#### DATA SECTION:

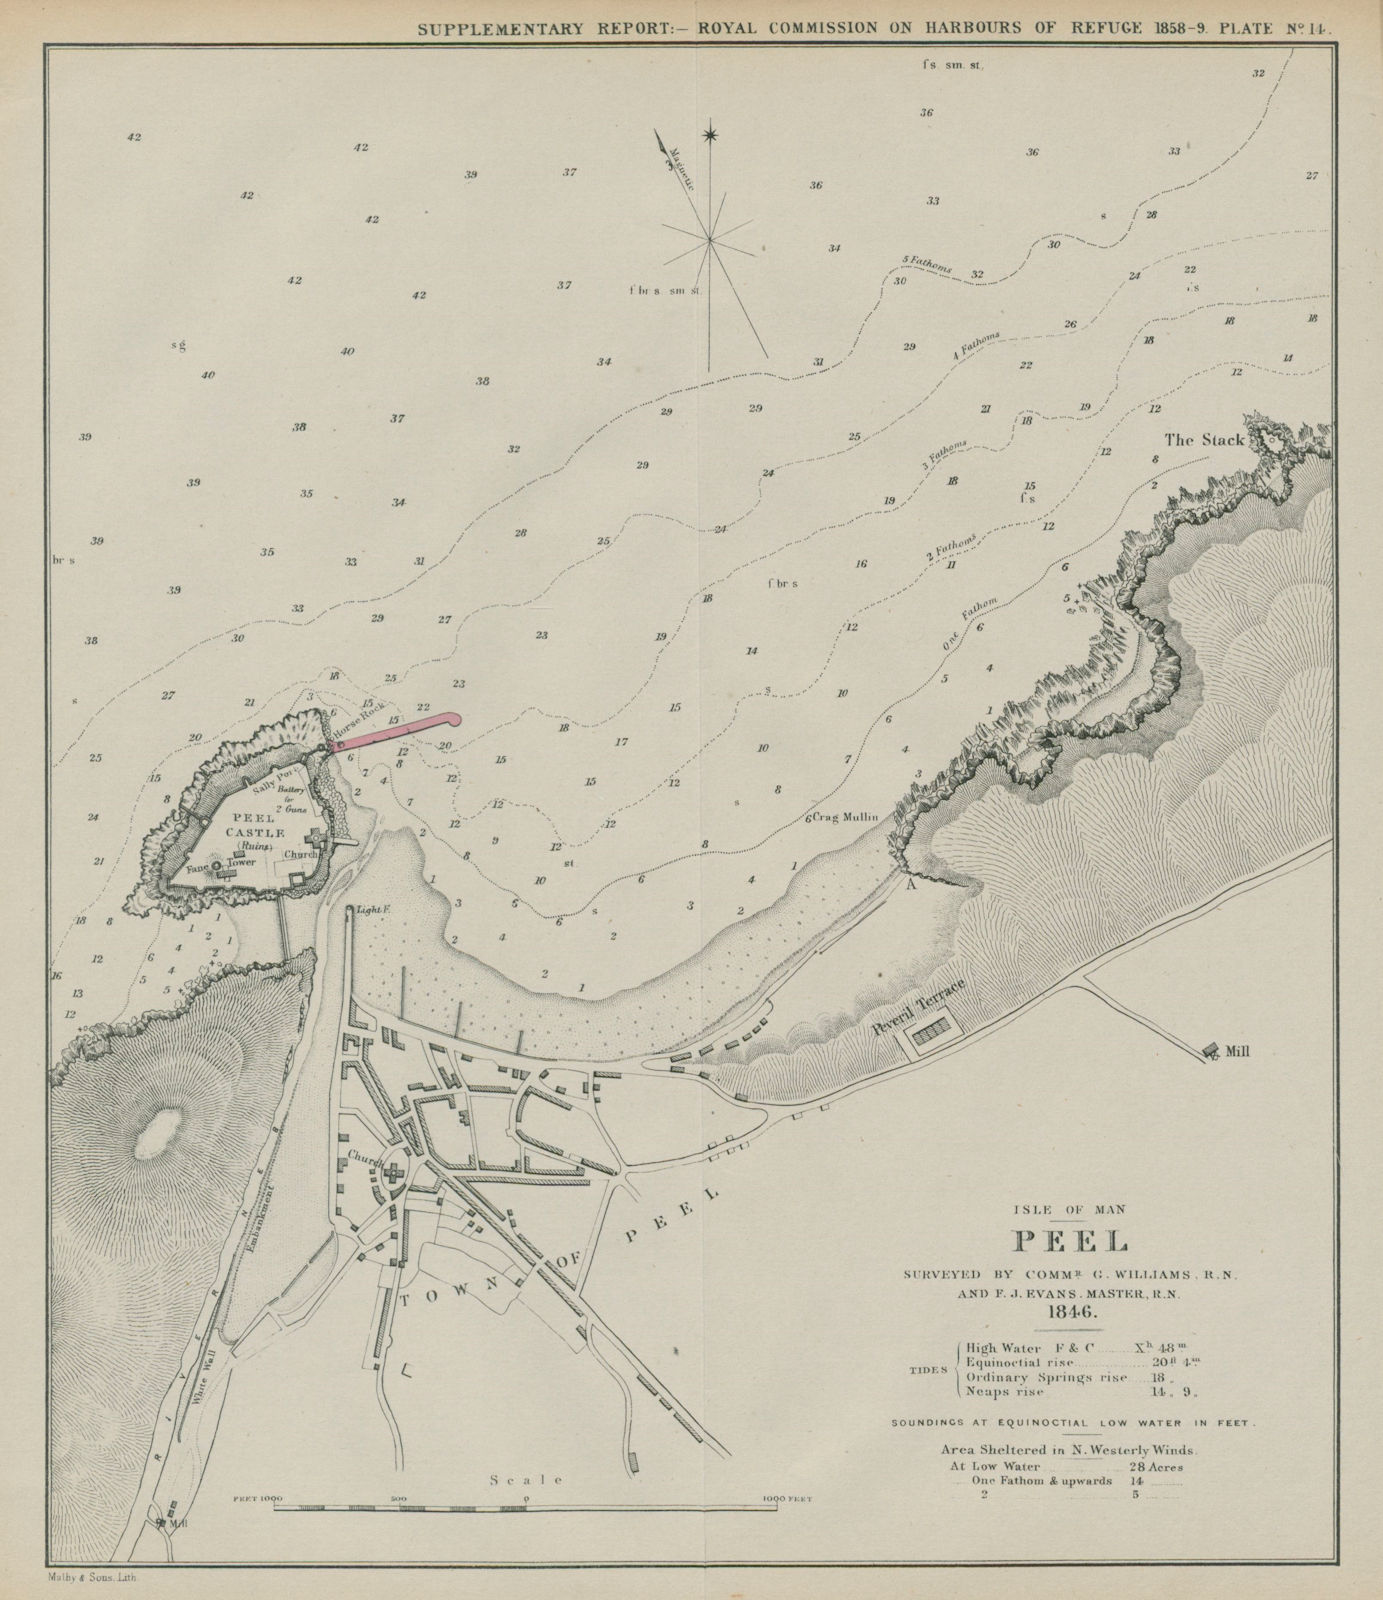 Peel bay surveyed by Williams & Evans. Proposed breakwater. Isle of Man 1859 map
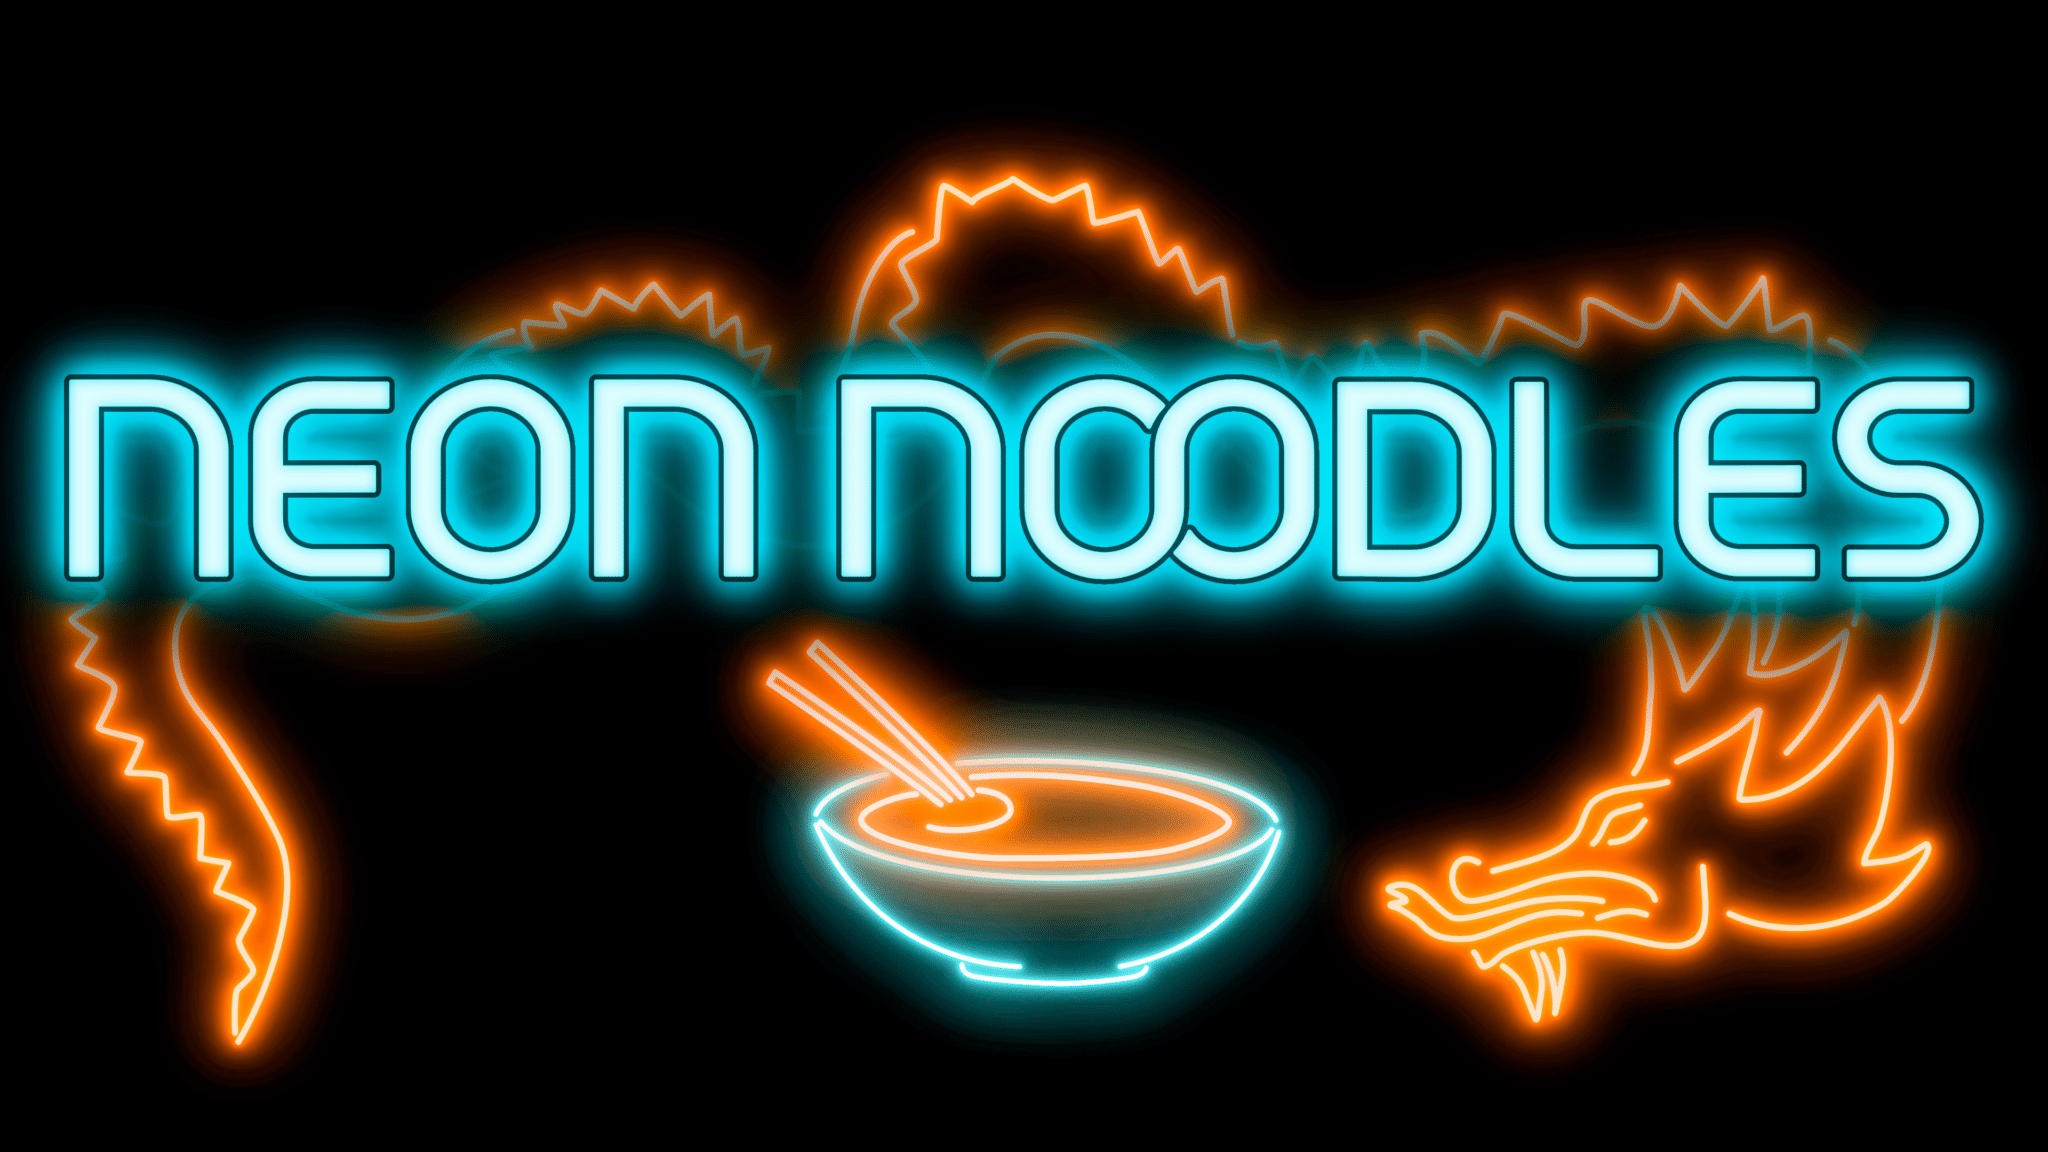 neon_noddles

--

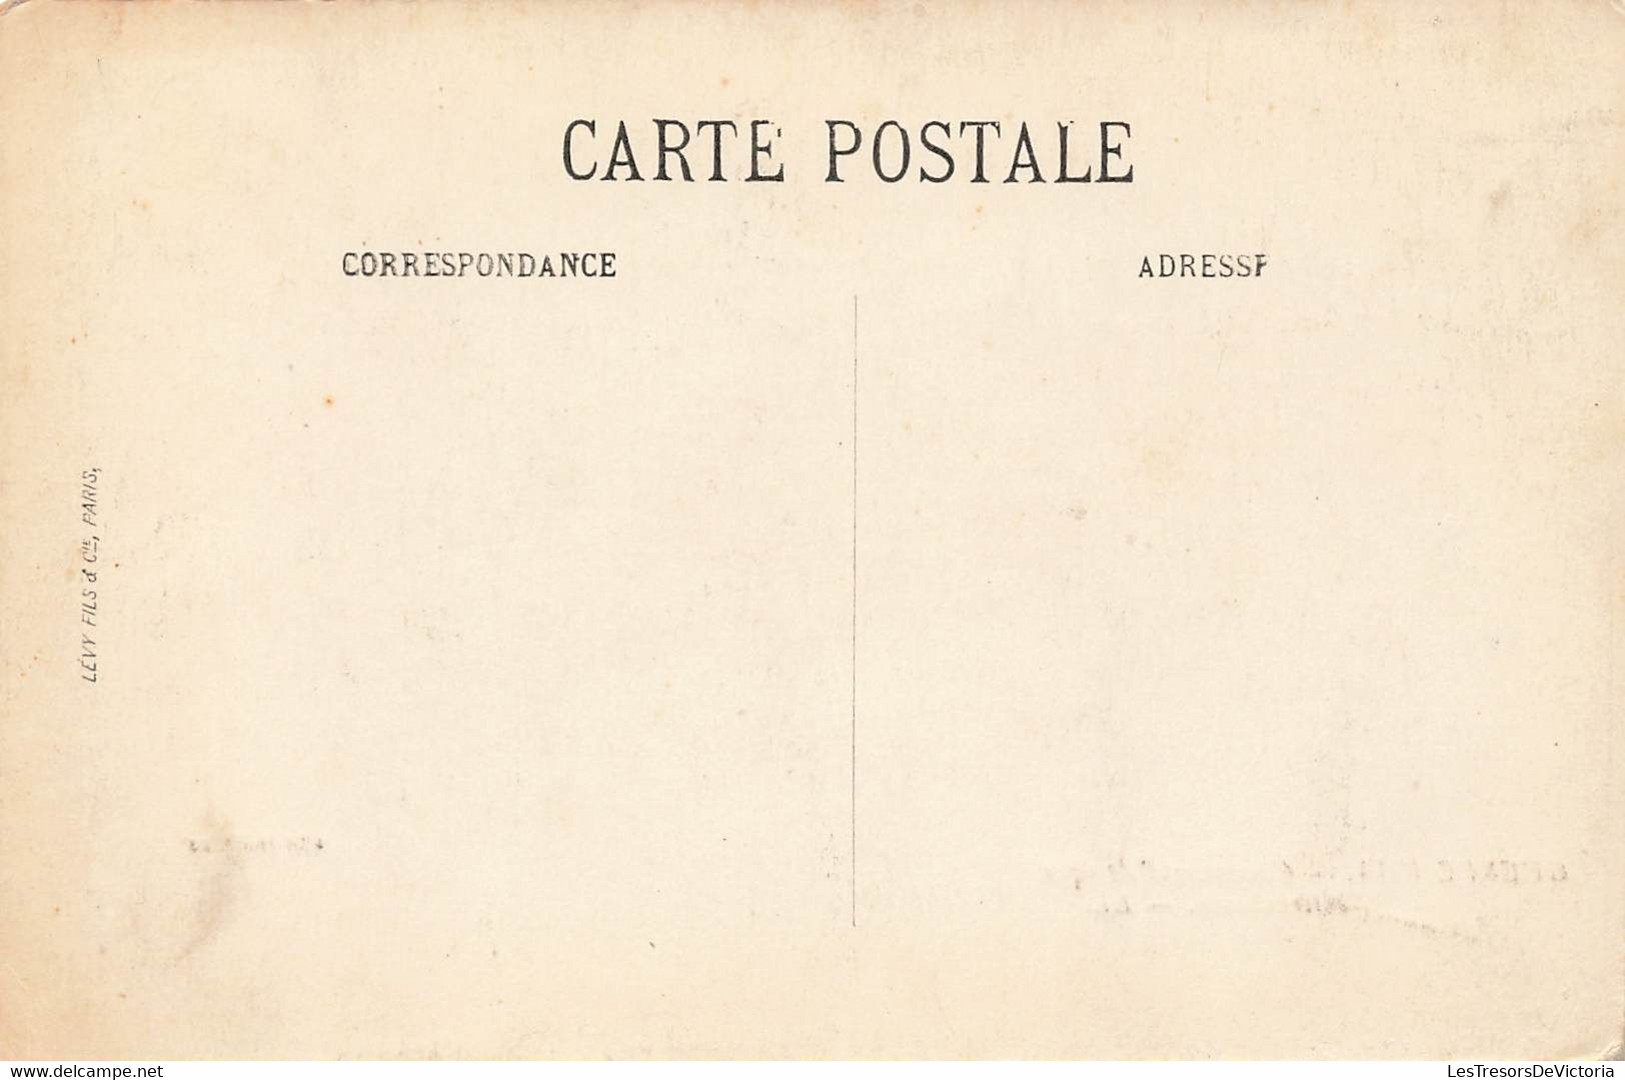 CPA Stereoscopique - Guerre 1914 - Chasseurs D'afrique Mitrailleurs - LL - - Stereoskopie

#### ACTIVITY:
Give back exactly the lines above that run from the one with "Peel bay surveyed" to the one with "neon_noddles", including both, with the pictures left out.

#### RESULT OF THE TASK:
 Peel bay surveyed by Williams & Evans. Proposed breakwater. Isle of Man 1859 map
 neon_noddles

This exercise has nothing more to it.